Казалось, Аристотель не ошибся: влияние Ортобула возросло. А потом настало лето – то самое нескончаемое лето, когда Александр без устали преследовал Дария, Великого царя Персии, в конце концов, убитого собственными бывшими сторонниками, – и Ортобул женился. Едва собрали первый урожай, он, не дожидаясь студеного гамелиона – месяца, когда принято заключать браки, – взял в жены некую Гермию, вдову Эпихара. Эта женщина владела огромным состоянием. Мы с Аристотелем были в отъезде и узнали обо всем лишь осенью, снова оказавшись в Афинах. Говорили, что брак с молодой богатой вдовой очень выгоден для Ортобула.
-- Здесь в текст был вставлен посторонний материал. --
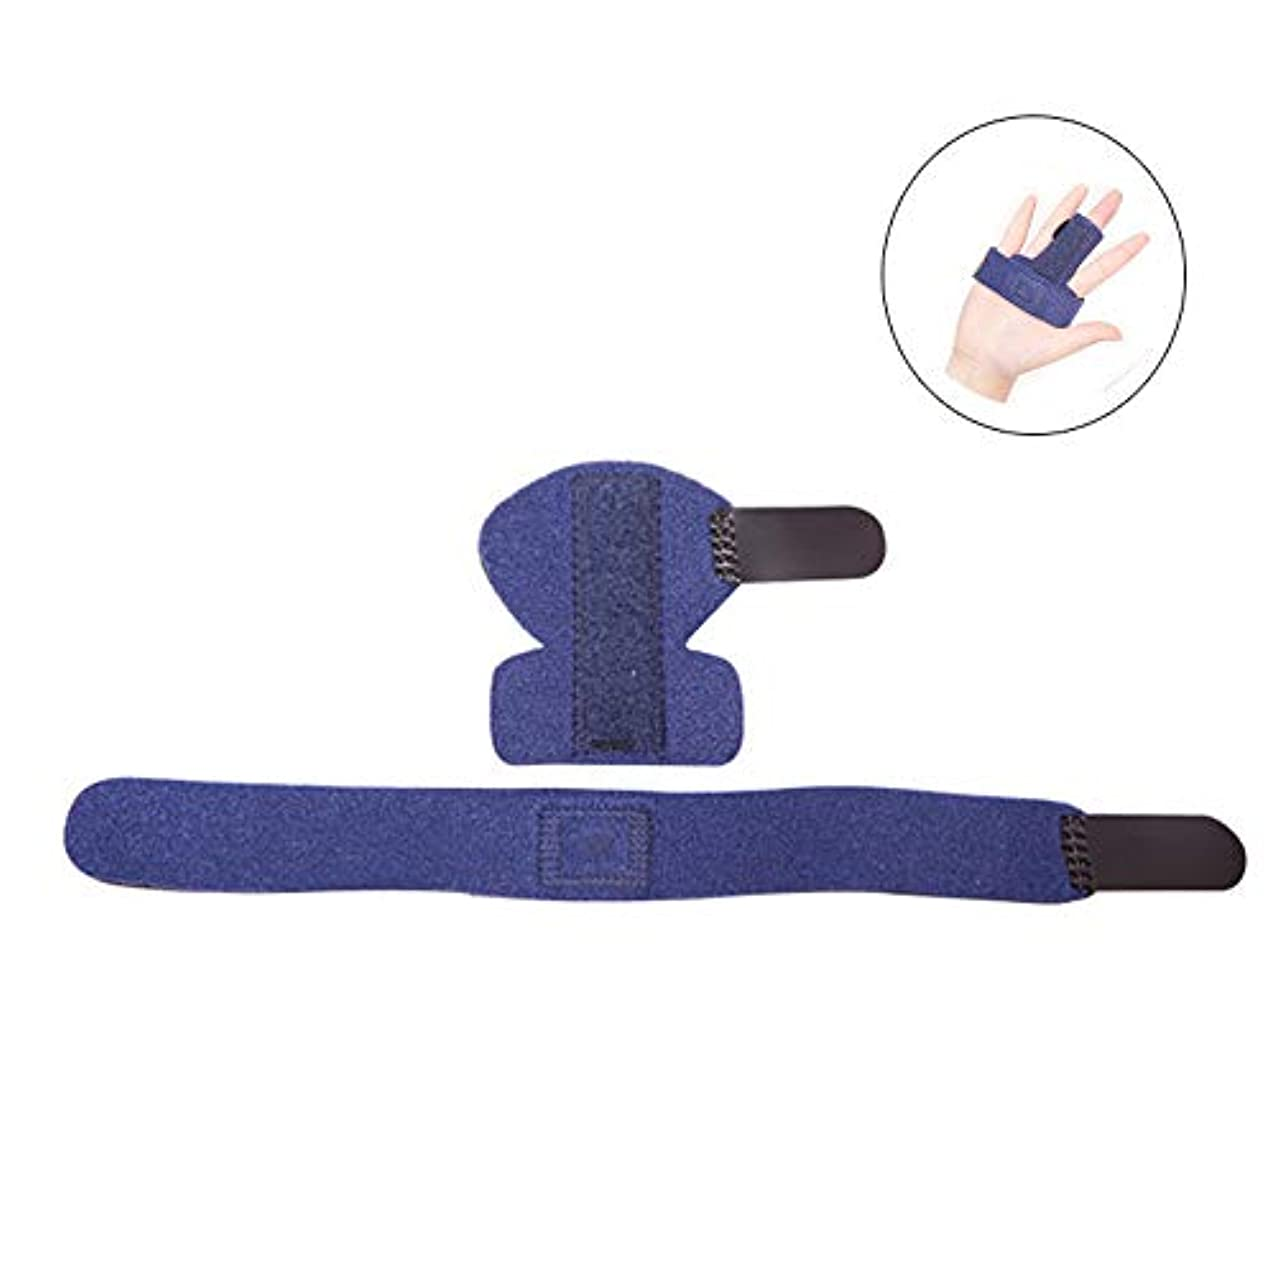 指の痛みの軽減、指の関節の固定、指の骨折のための指サポートブレーススプリント調整可能なプロテクター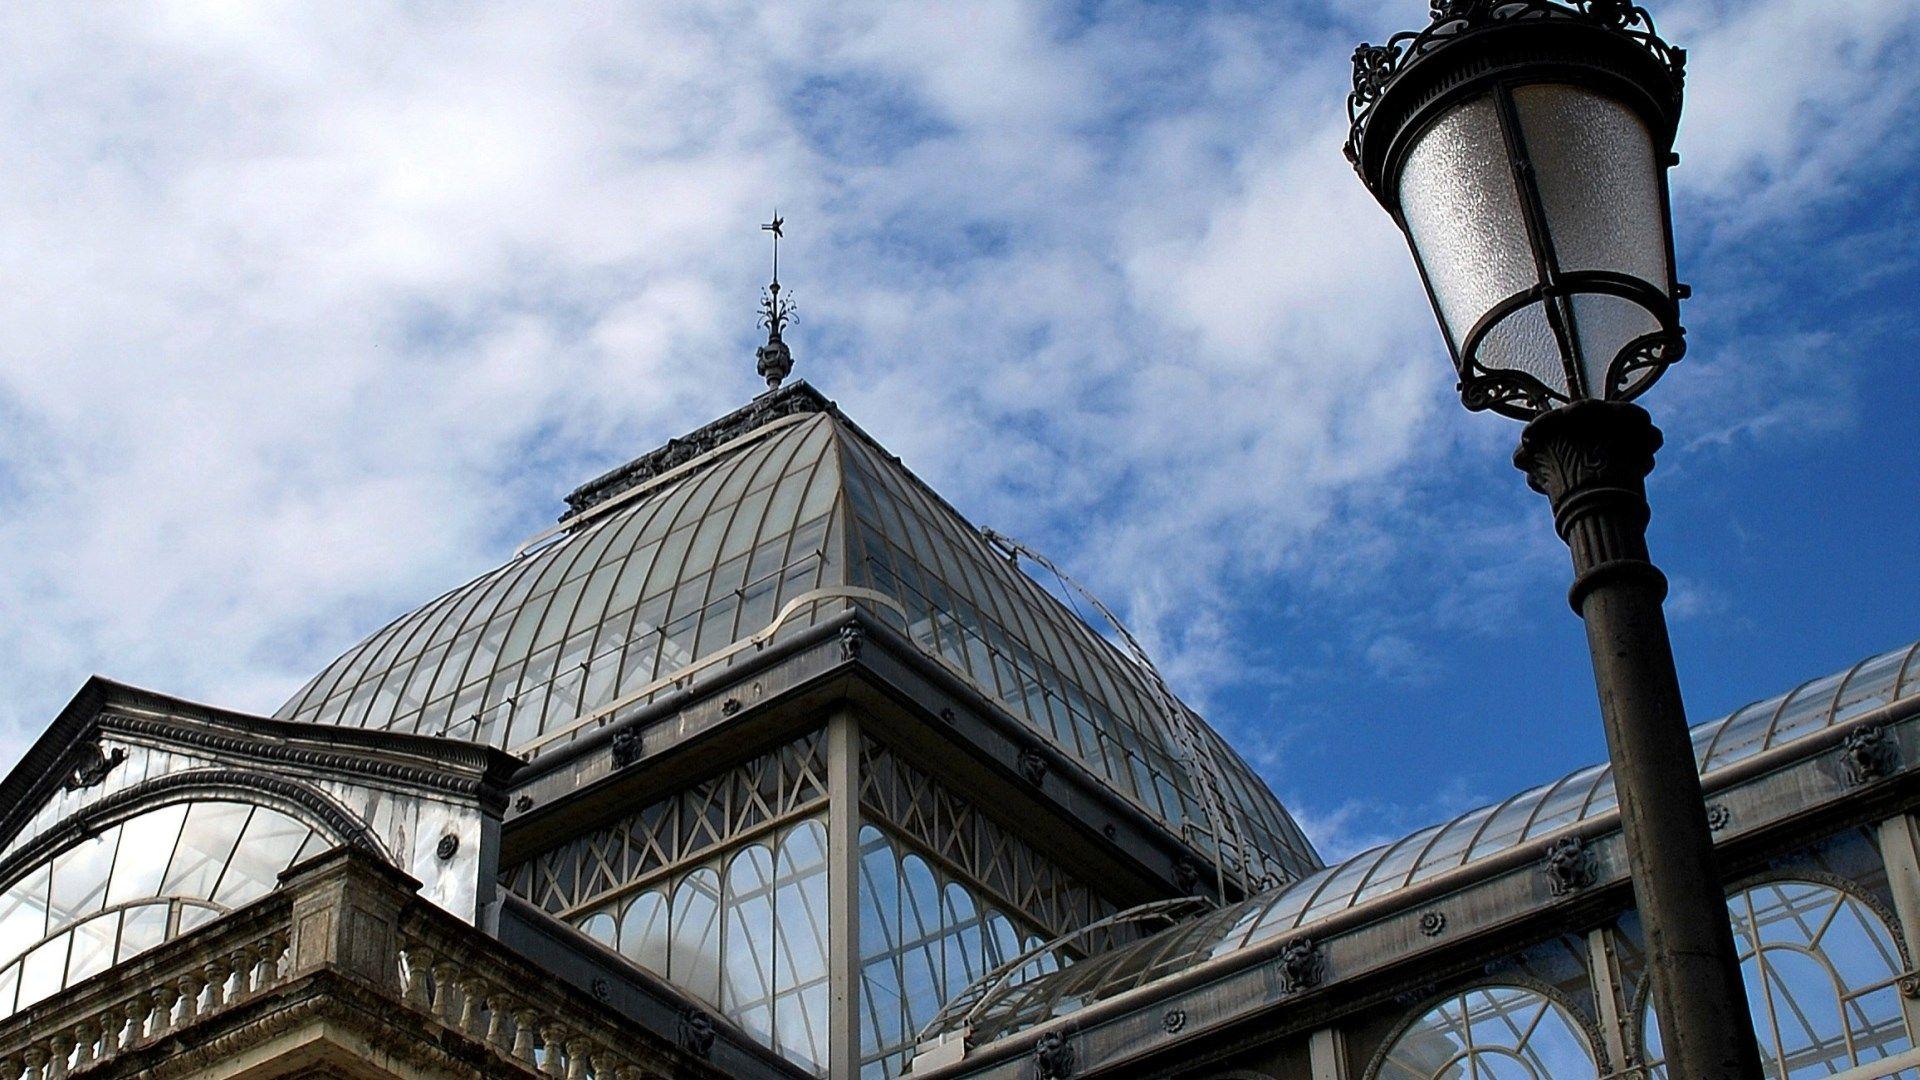 1920x1080 pictures of palacio de cristal

– Возраст еще позволяет Гермии родить, – сообщила мать, которая считала своим долгом рассказать возвратившемуся в родной дом сыну обо всем, что произошло за время его отлучки. Она с удовольствием пересказывала последние новости, смазывая мне левое плечо, – тяжелая рана от копья, которую я получил на побережье Азии, все еще болела, но мать, колдуя с мазями и горячими компрессами, умудрилась частично вернуть моей левой руке подвижность. «Глупый мальчишка!» – повторяла она, сокрушаясь, что ее сын угодил в такой переплет, а когда я попытался объяснить, что был ранен в опасной схватке, и вовсе рассердилась. Мать считала, что мне давно пора остепениться: «Шатаешься по свету, а все без толку, – неблагодарно ворчала она. – Лучше бы сидел в Афинах и заводил полезные знакомства».

– Ортобулу повезло, что у Гермии нет сыновей, только маленькая дочь. Не надо опасаться, что бойкий отпрыск Эпихара наложит руку на его добро, – болтала мать, деловито растирая мое плечо. – Ох, Стефан, сердце мое разрывается, когда я смотрю на твою рану! Зачем оставил ты родной дом, какого счастья искал в чужих землях? Я готова разрыдаться. Да, а Гермия красива – такие густые темные кудри. Стройная, как деревце, ее рабы говорят: полна сил. Скоро понесет, я уверена. Да, в целом я одобряю этот союз.

Я рассмеялся про себя: ни Ортобул, ни родственники Гермии не потрудились спросить совета Эвники, дочери Диогейтона.

– Помяни мое слово, – продолжала мать, – она своенравна, эта Гермия. Их семейка всегда стремилась к славе. Знаешь, дядю Гермии, Фанодема, удостоили золотого венца, все деньги он тратит на религиозные праздники. Говорят, она управляла поместьем Эпихара, даже когда тот не был в отъезде. Женщина себе на уме – вот что я скажу. И все родственники у нее такие же, хлебом не корми – дай покомандовать. Не то что семья Ортобула – они люди обходительные, скромные.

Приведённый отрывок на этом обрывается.